# TC3: Ein SPS-Projekt mittels PLCopen XML exportieren und in C# analysieren



## Stirni (8 September 2018)

Hallo liebe Gemeinde,

ich habe folgende Frage:
Ich möchte mein erstelltes SPS-Projekt, welches ich mit PLCopen XML exportiert habe, in einer C#-Anwendung analysieren, d.h.
z.B. dass alle Funktionsbausteine als Klassen vorhanden sind, usw.

Ich weiß allerdings nicht genau, wie ich die XML-Datei in mein C#-Projekt einbinden kann.

Ich habe schon versucht, das PLCopen XML-Schema in mein Projekt zu importieren und das XML-Projekt zu serialisieren.
Allerdings kommt immer eine Fehlermeldung, dass das Dokument einen Fehler aufweißt und somit nicht serialisiert werden konnte.

Kann mir bitte jmd.
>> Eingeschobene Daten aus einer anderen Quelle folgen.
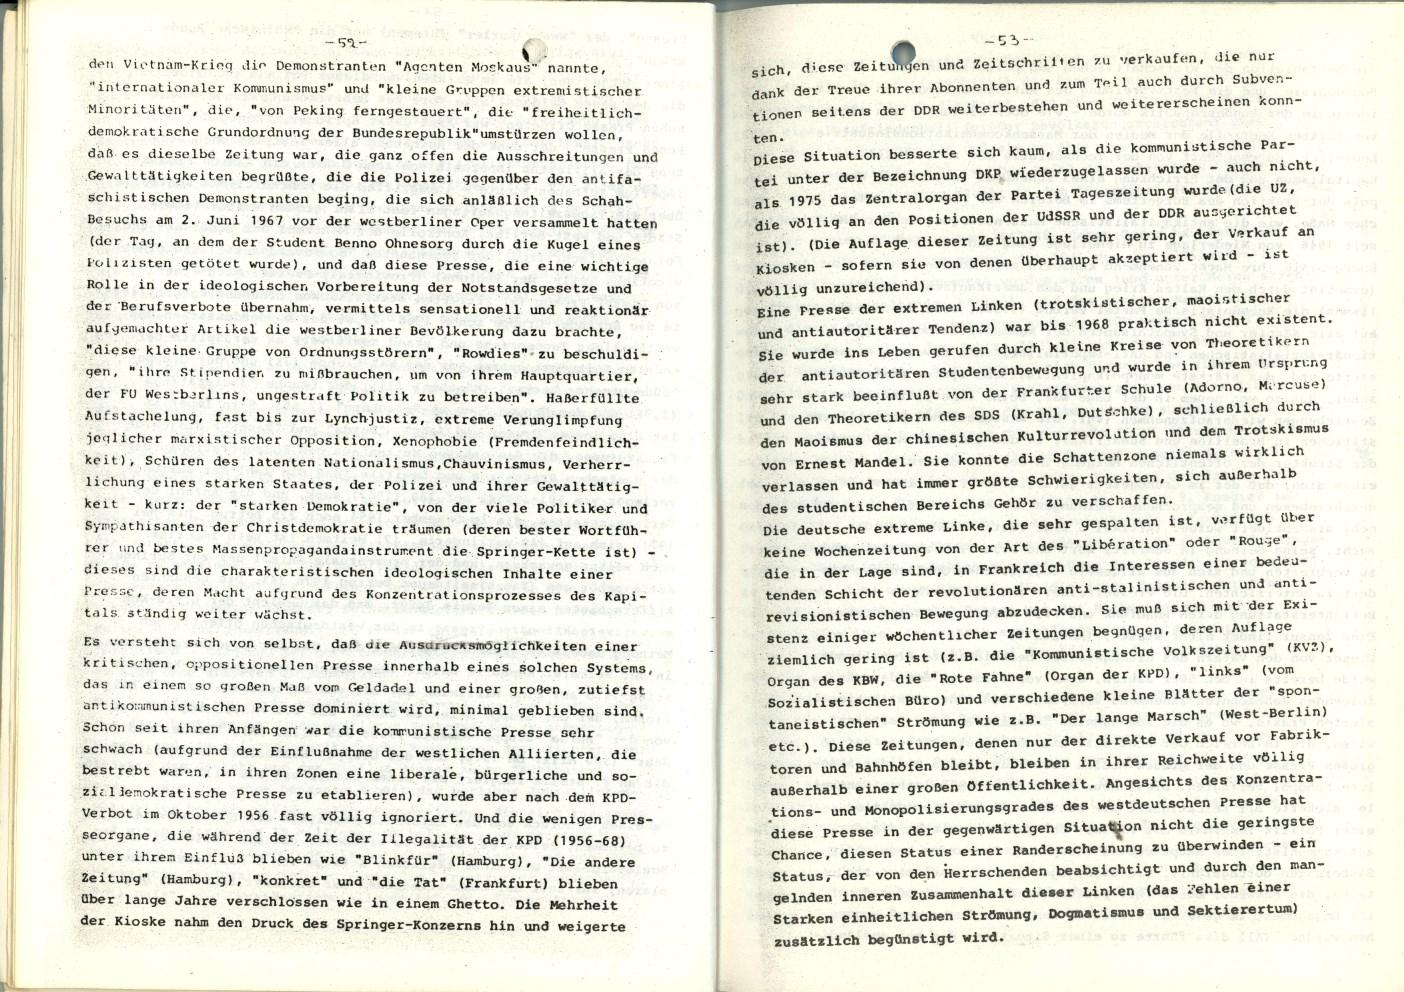 Hamburg_Vorbereitungsgruppe_Russell_Tribunal_Zensur_1978_27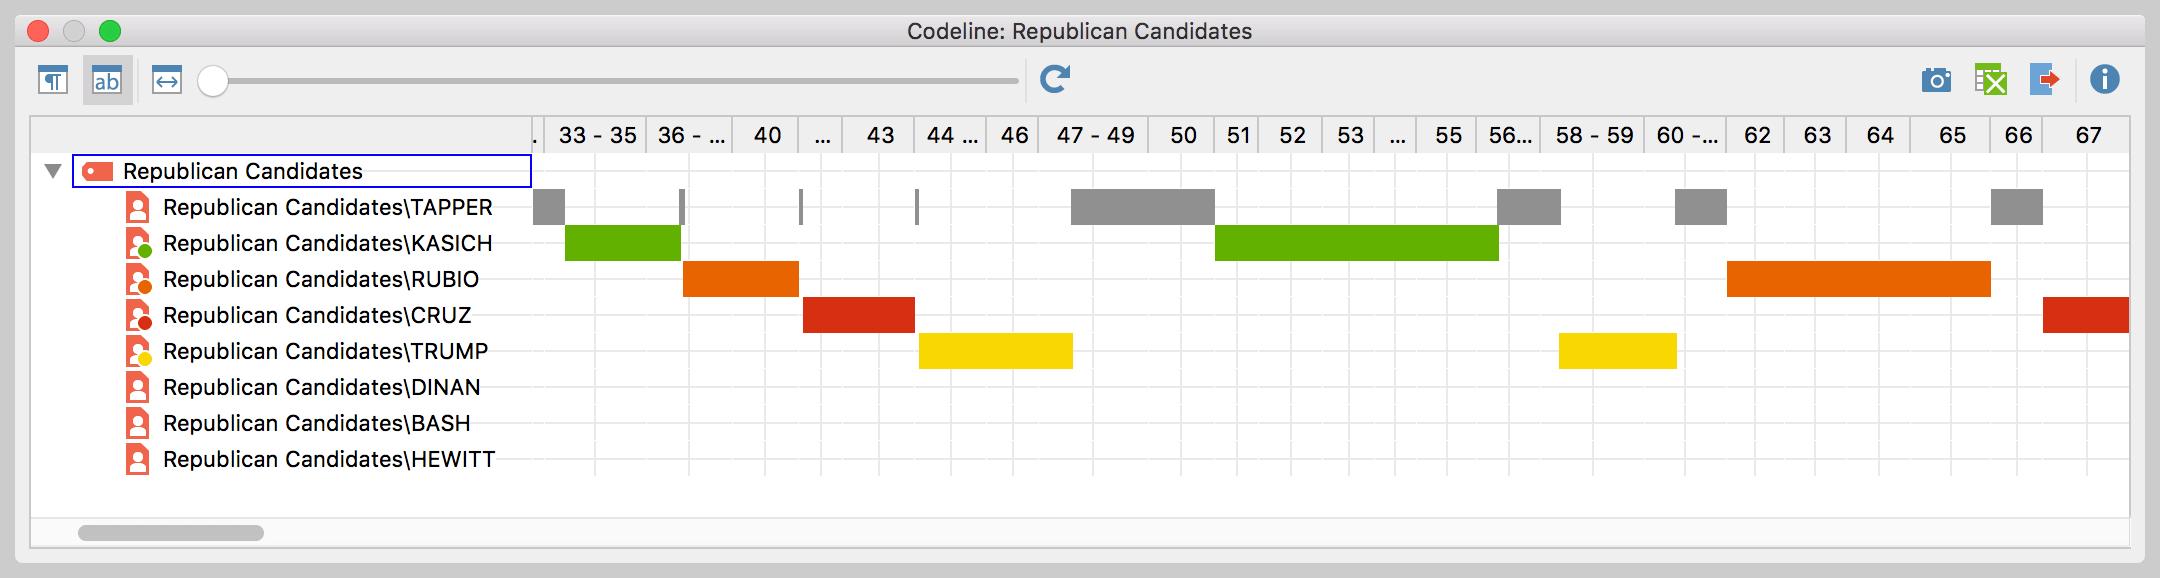 codeline_republicans

GENAU beschreiben, welche Schritte ich unternehmen muss, um mein SPS-Projekt in C# zu importieren?


Vielen Dank.

EDIT: Beitrag ist aus Versehen in eine falsche Rubrik gelangt, bitte verschieben.

-Stirni


----------



## Sitenia (10 September 2018)

Hallo Stirni,

deine Aussage, dass ein Fehler auftritt ist recht allgemein gehalten. Vielleicht kannst du die betreffenden Zeilen für die der Fehler gemeldet wird mal posten. Einer der typischsten Fehler an dieser Stelle ist, den falschen oder gar keinen Namespace im XML-Dokument zu verwenden oder auch bei der Serialisierung den Namespace falsch zu wählen. Eventuell wurde auch die falsche PLCOpenXML-Version verwendet, um die Objektstruktur für das Serialisieren/Deserialisieren zu erstellen.

Eventuell auch einfach mal auf der Exception anhalten und schauen, was wie die InnerException an Details verrät. Wenn sowas in der Art kommt:

<project xmlns=''> was not expected.

dann auf jeden Fall nochmal die Namespaces kontrollieren.

Grüße,
Sitenia


----------